_Supplied information_
>>>
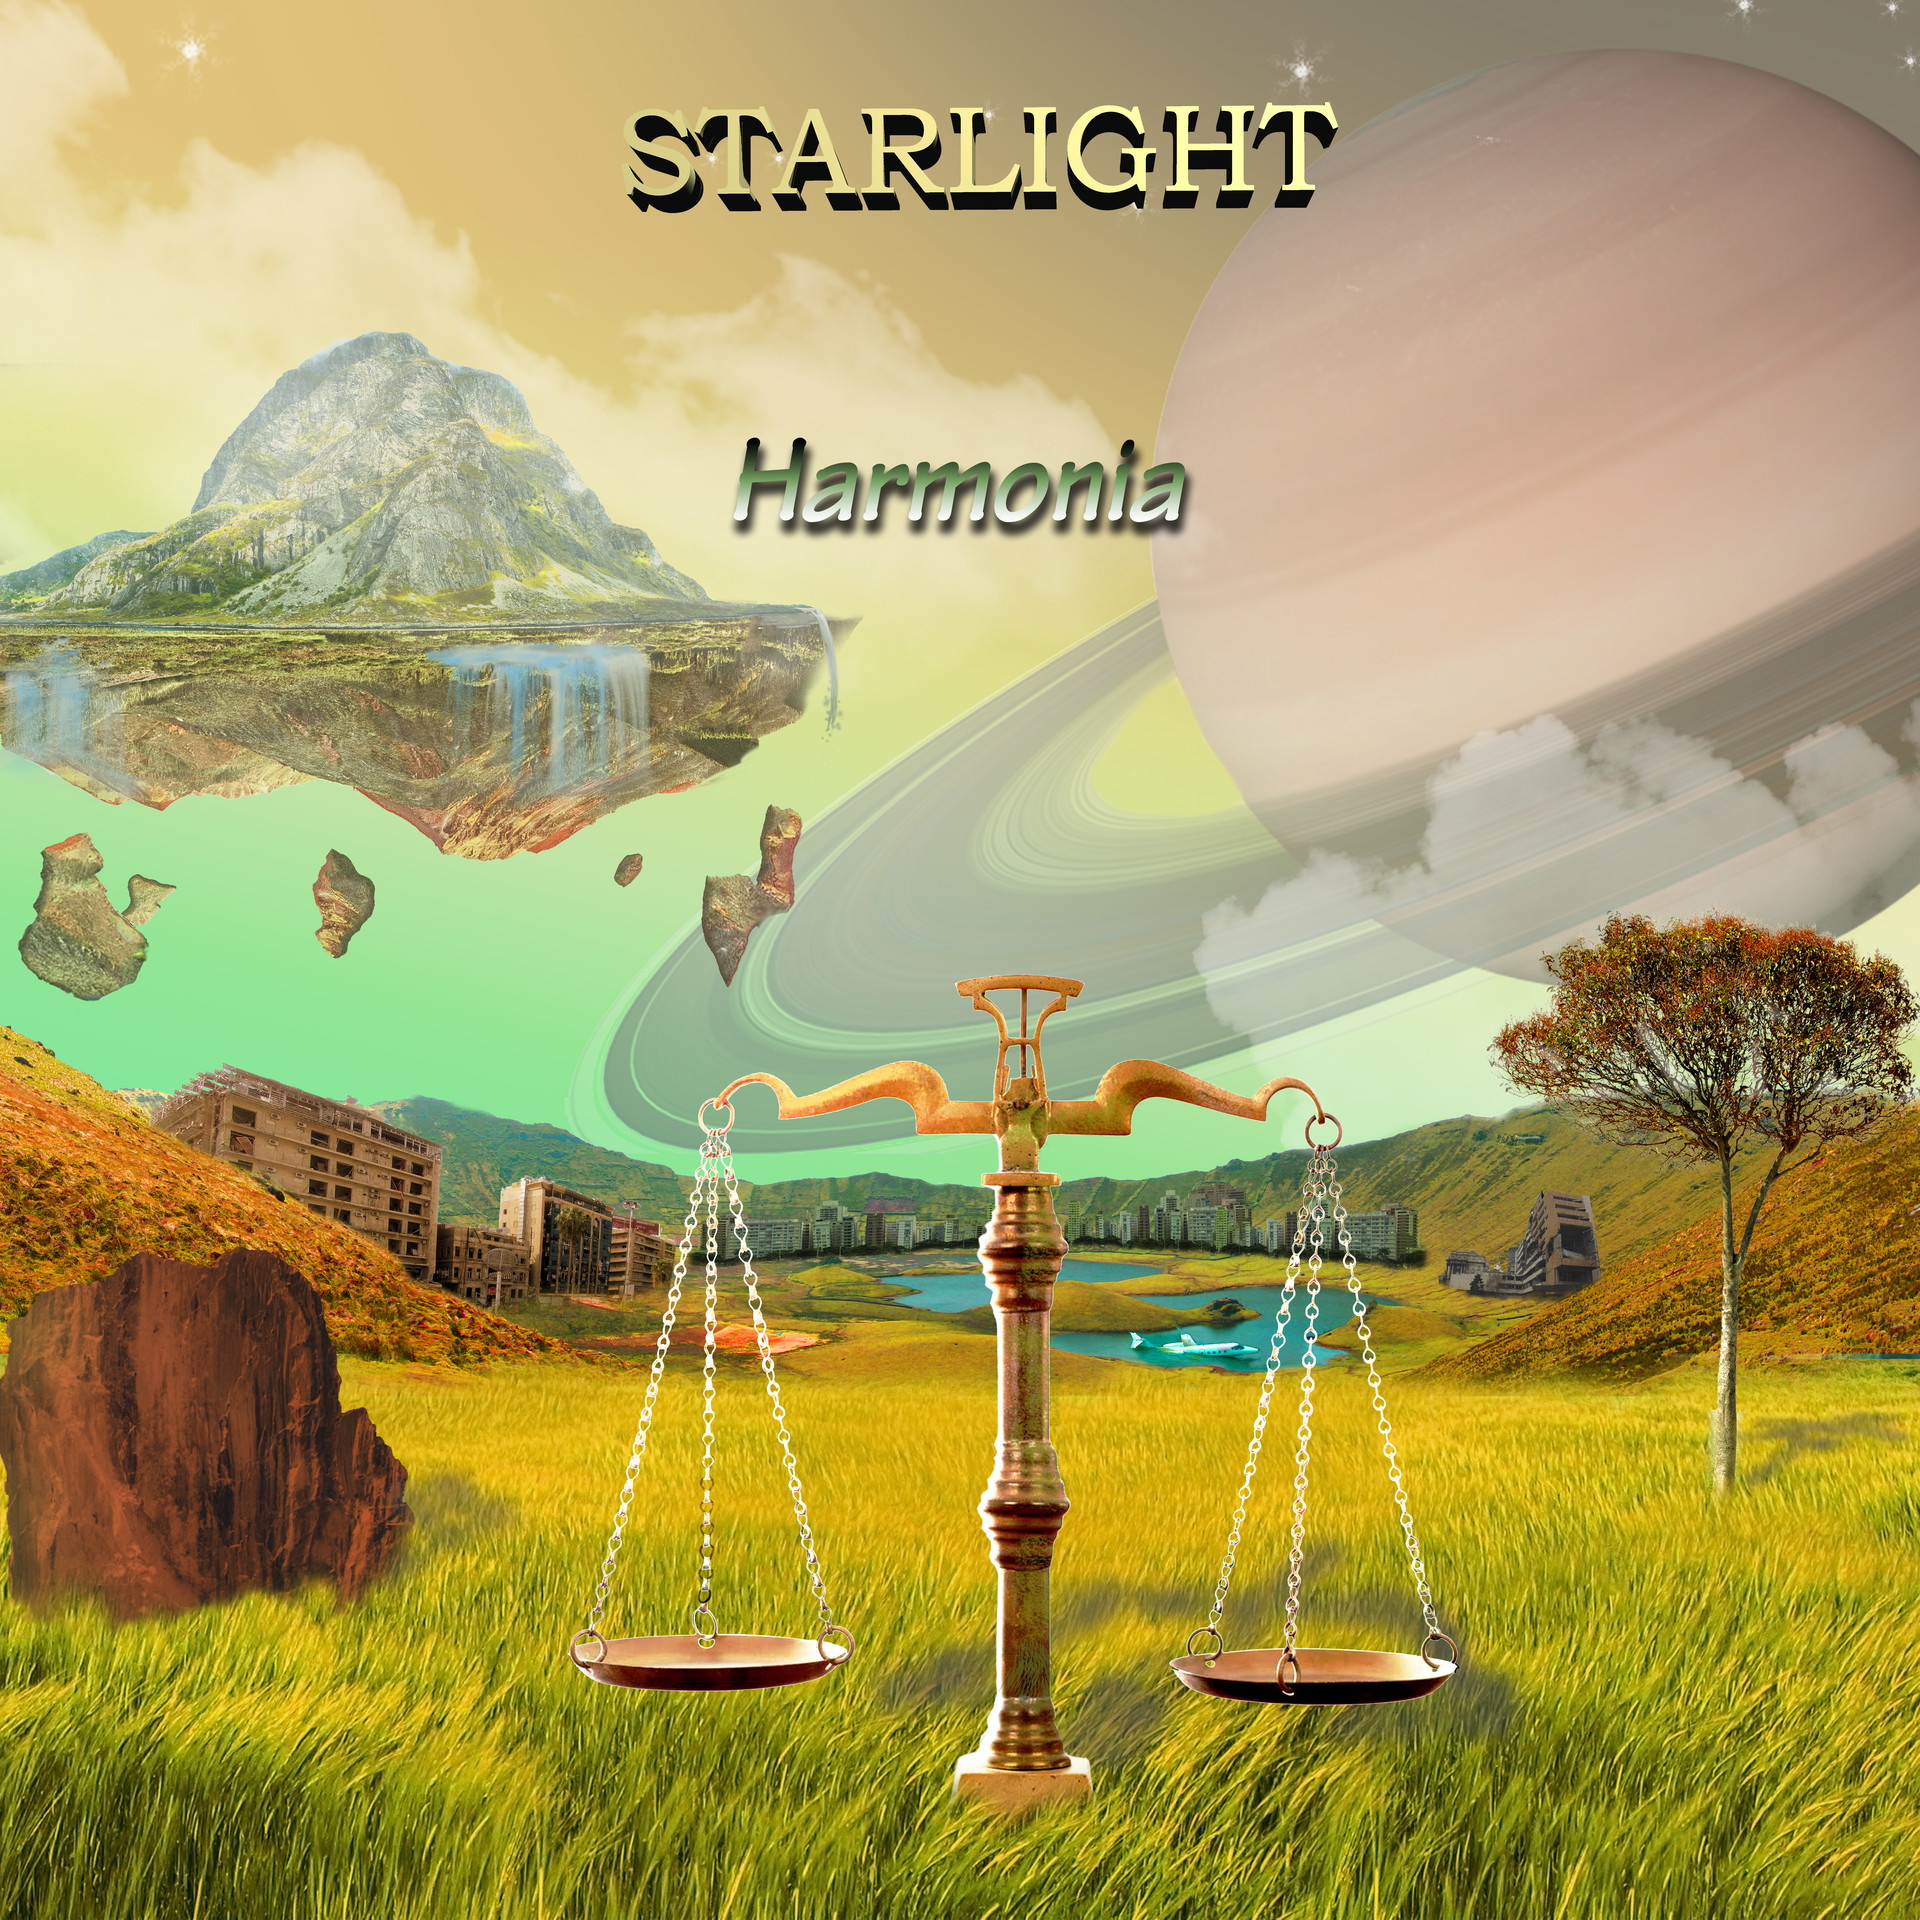 Jonathan Álex - Starlight band - Official Cover
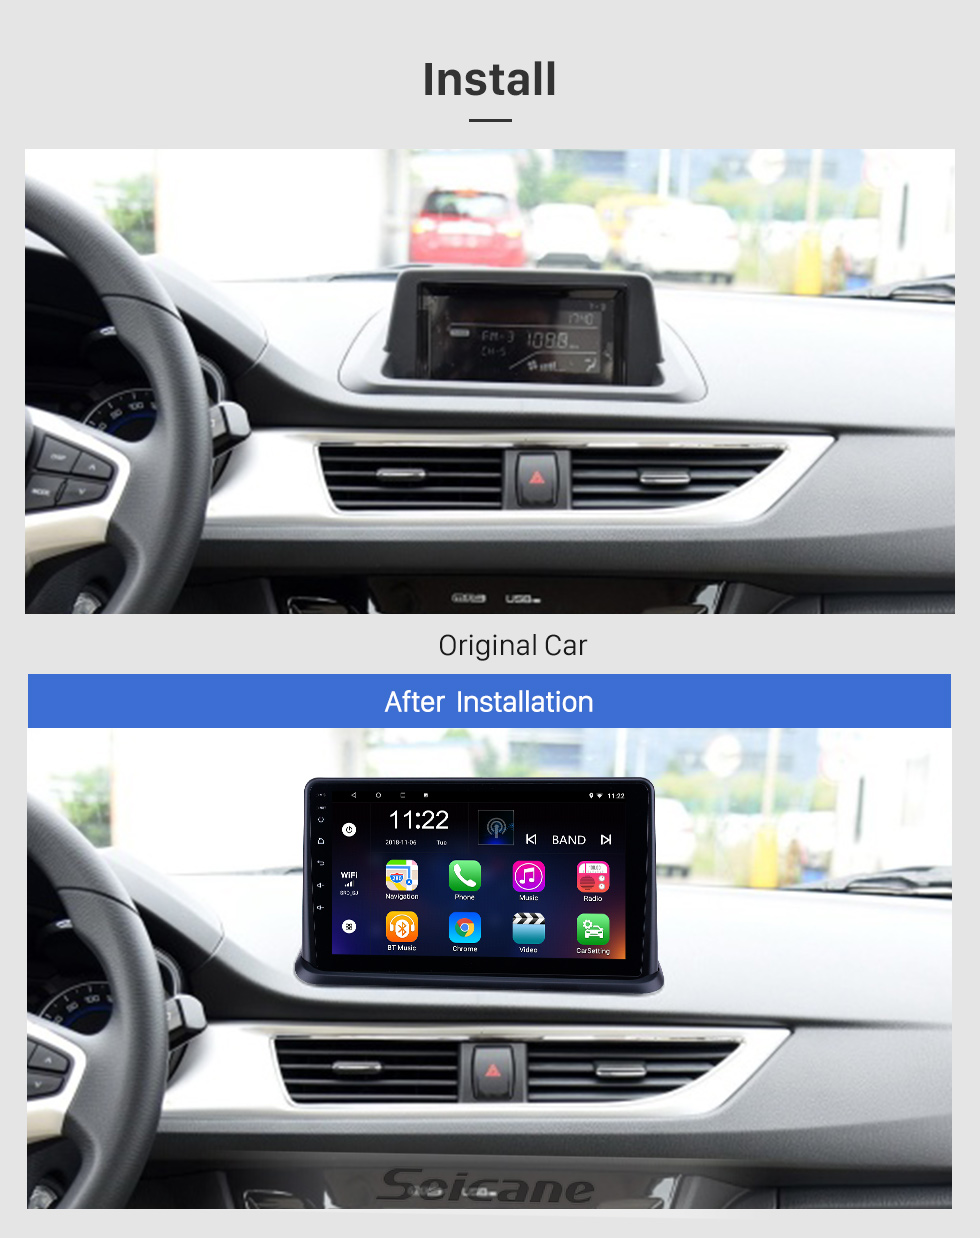 Seicane OEM 9 Zoll Android 8.1 Radio für 2015 Changan Alsvin V7 Bluetooth HD Touchscreen GPS Navigation Unterstützung Carplay Rückfahrkamera
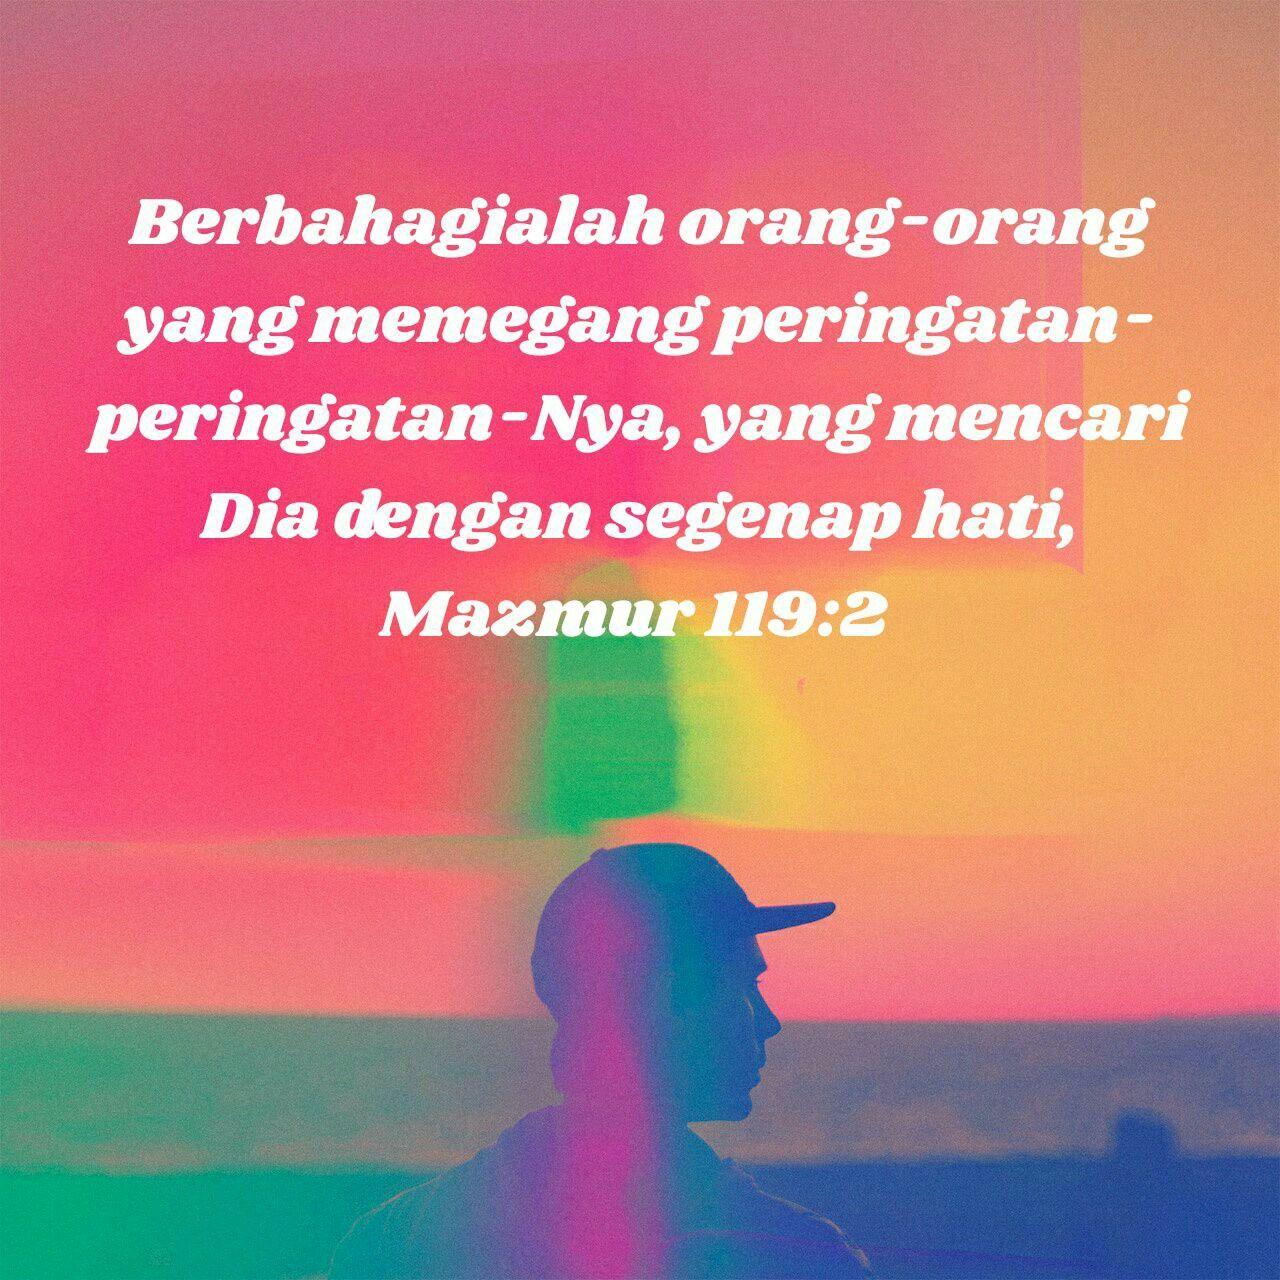 Mazmur 119 2 Incoming Call Screenshot Incoming Call Call Screenshot
<<<
_Exercise directions_
Leaving the pictures aside, copy exactly and only the lines from the one holding "Seicane OEM 9" through the final line of the data, both ends kept.

_Answer to this task_
 Seicane OEM 9 Zoll Android 8.1 Radio für 2015 Changan Alsvin V7 Bluetooth HD Touchscreen GPS Navigation Unterstützung Carplay Rückfahrkamera
 Mazmur 119 2 Incoming Call Screenshot Incoming Call Call Screenshot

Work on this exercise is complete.